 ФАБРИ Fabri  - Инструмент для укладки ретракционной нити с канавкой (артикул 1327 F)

==

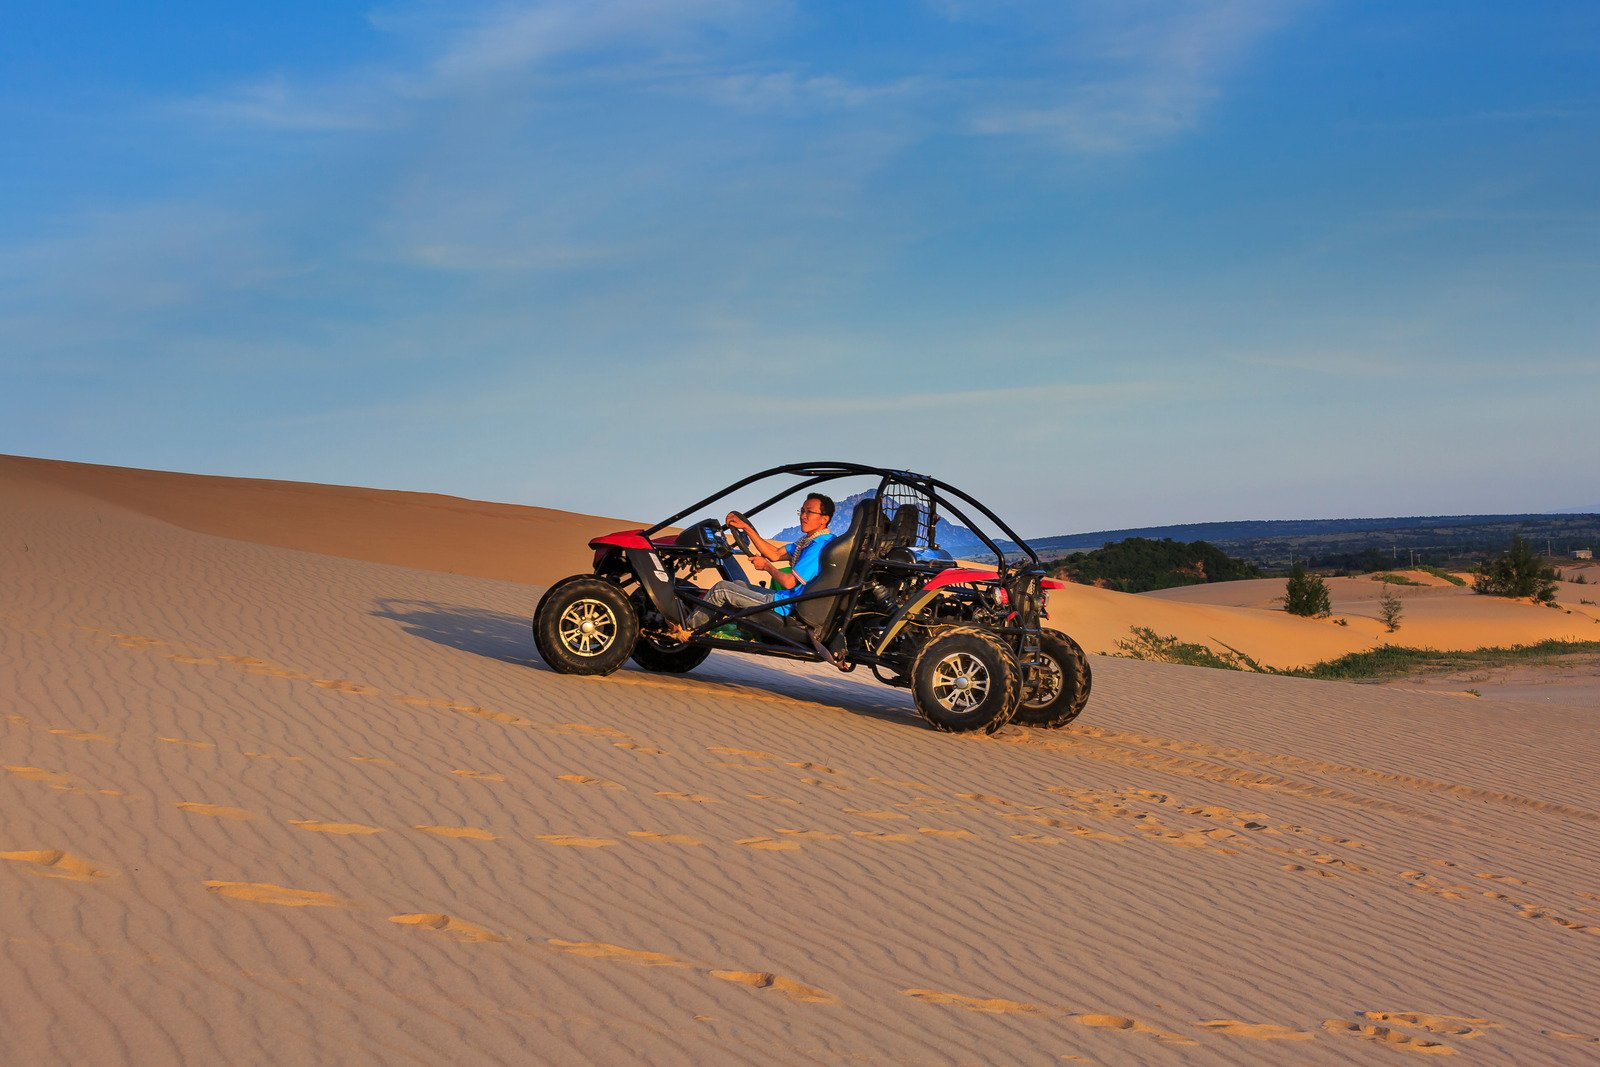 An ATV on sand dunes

---

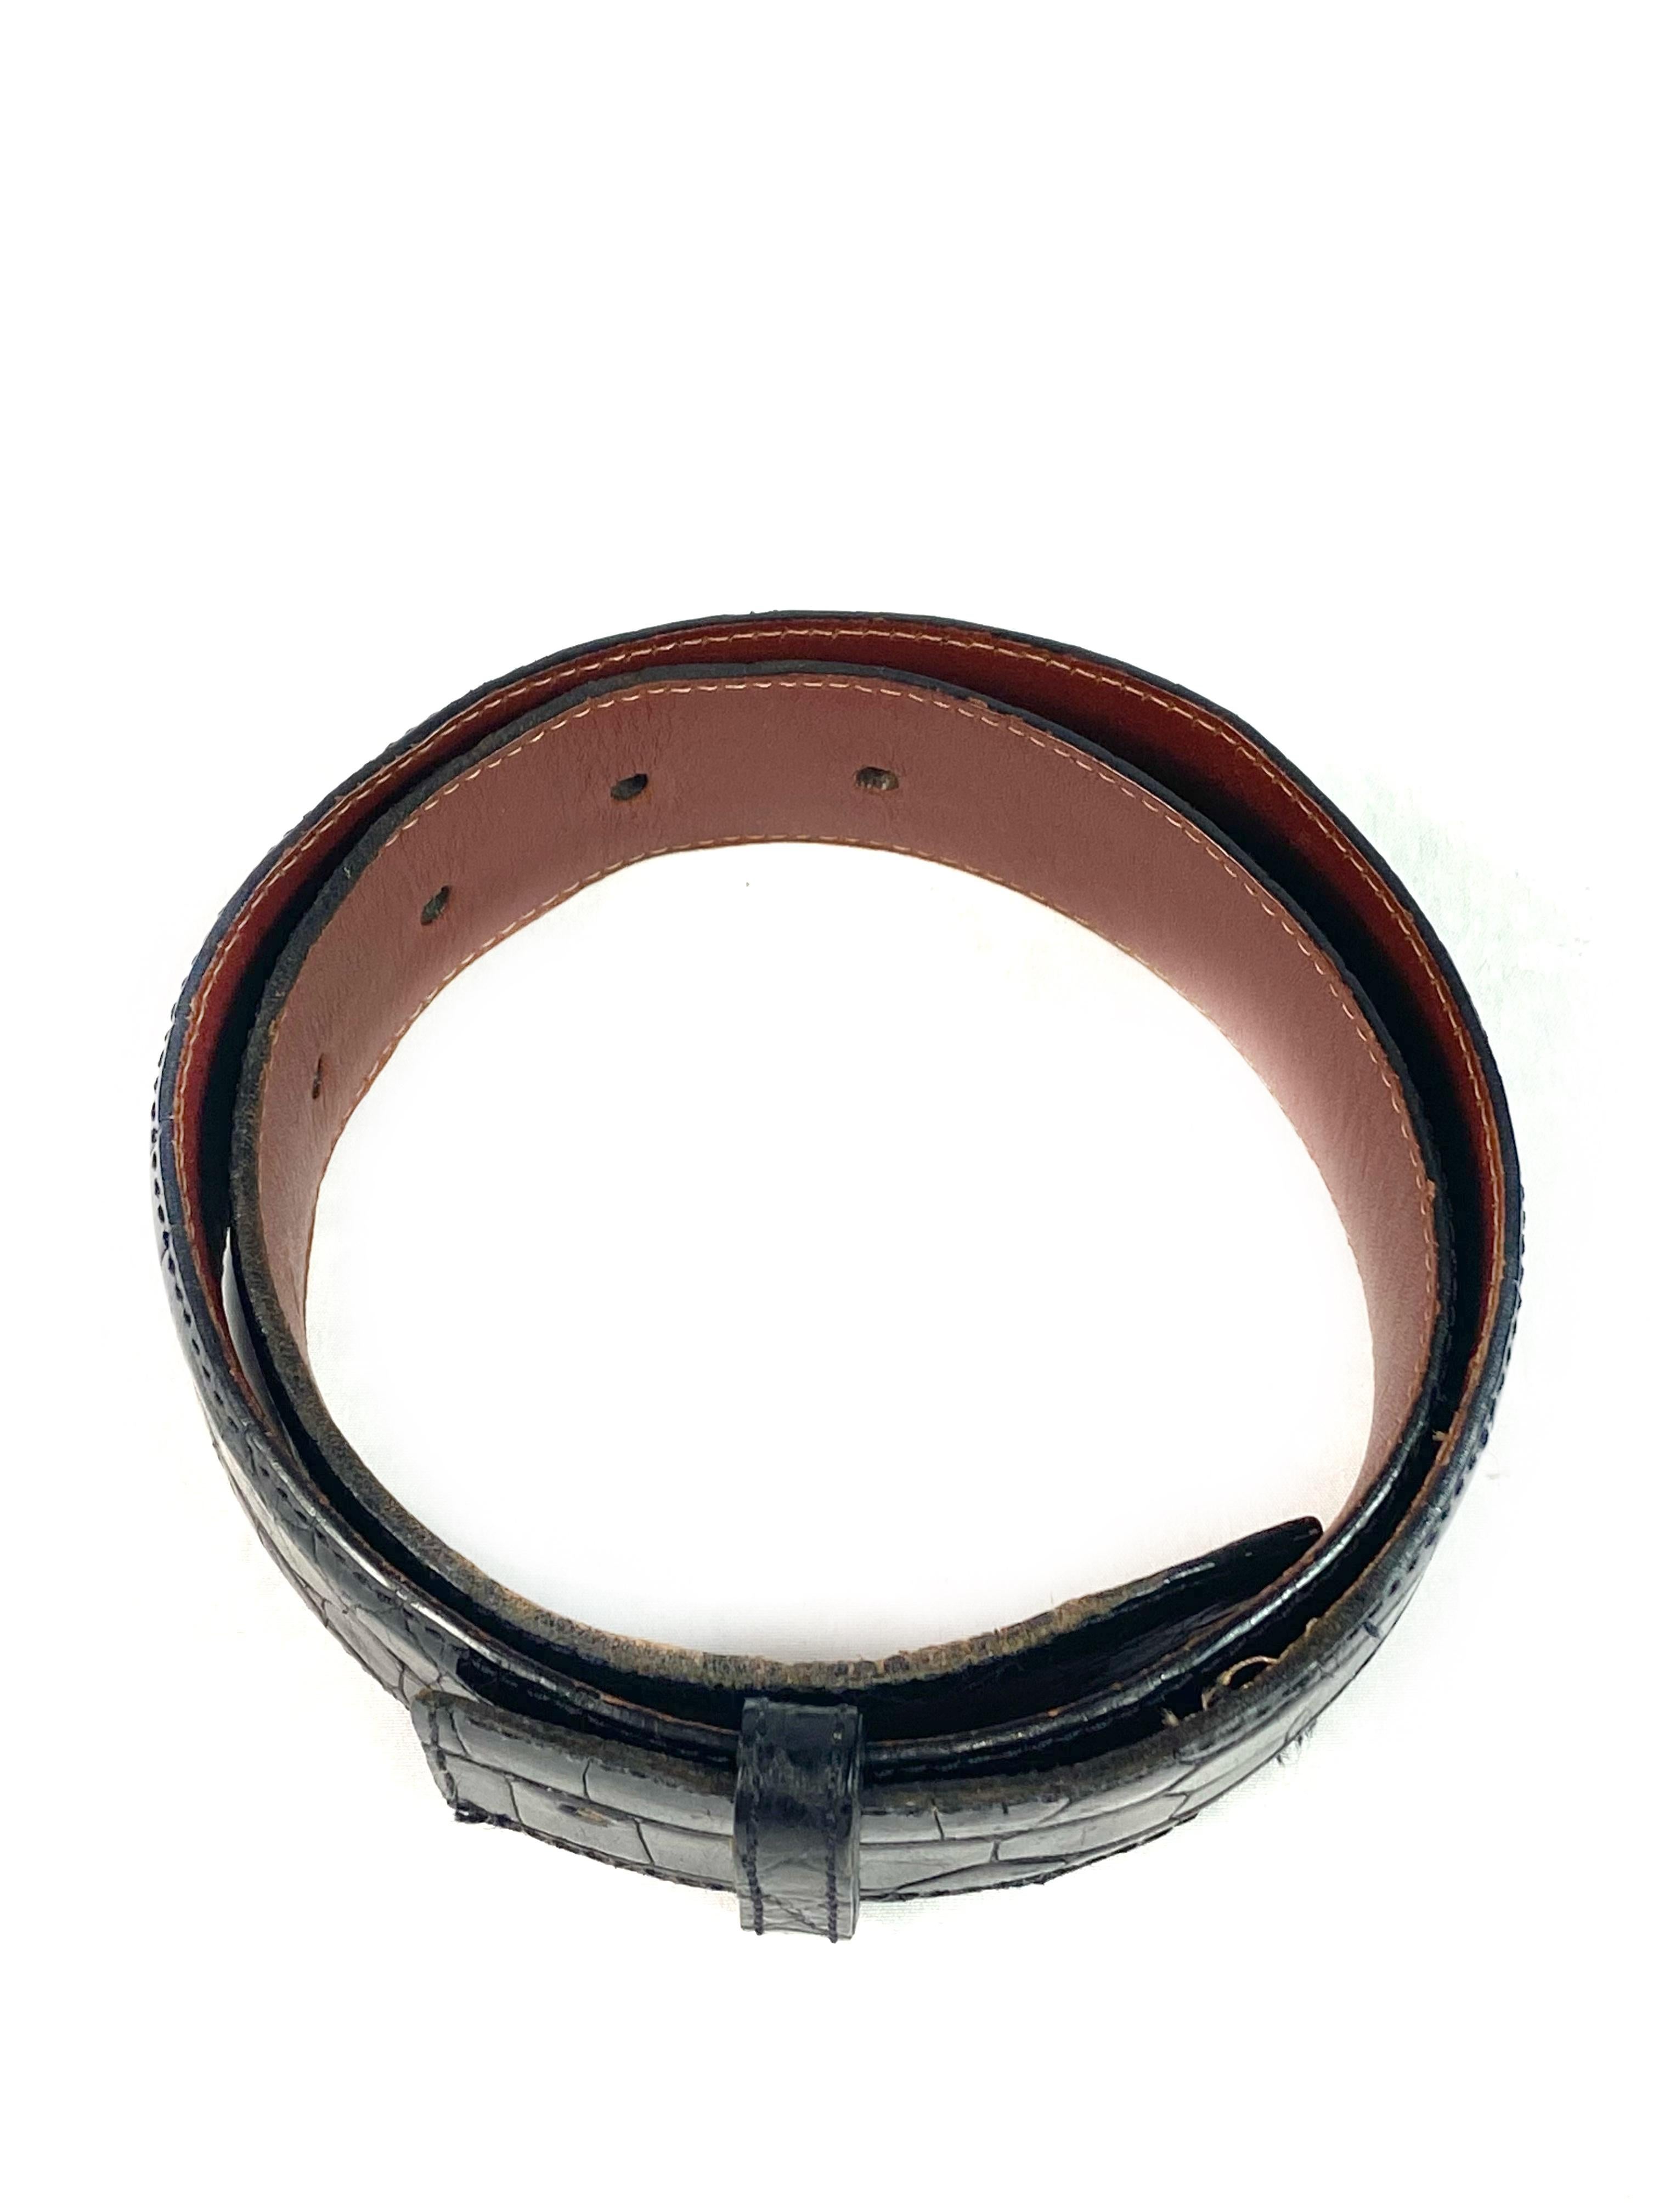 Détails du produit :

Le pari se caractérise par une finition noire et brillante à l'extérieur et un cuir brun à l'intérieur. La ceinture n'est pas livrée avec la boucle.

→ About this exercise
Reproduce the listing above exactly from the line containing "Détails du produit" up to and including the line containing "Le pari se caractérise", omitting any images and everything outside those lines.

→ Result of this exercise
 Détails du produit :

Le pari se caractérise par une finition noire et brillante à l'extérieur et un cuir brun à l'intérieur. La ceinture n'est pas livrée avec la boucle.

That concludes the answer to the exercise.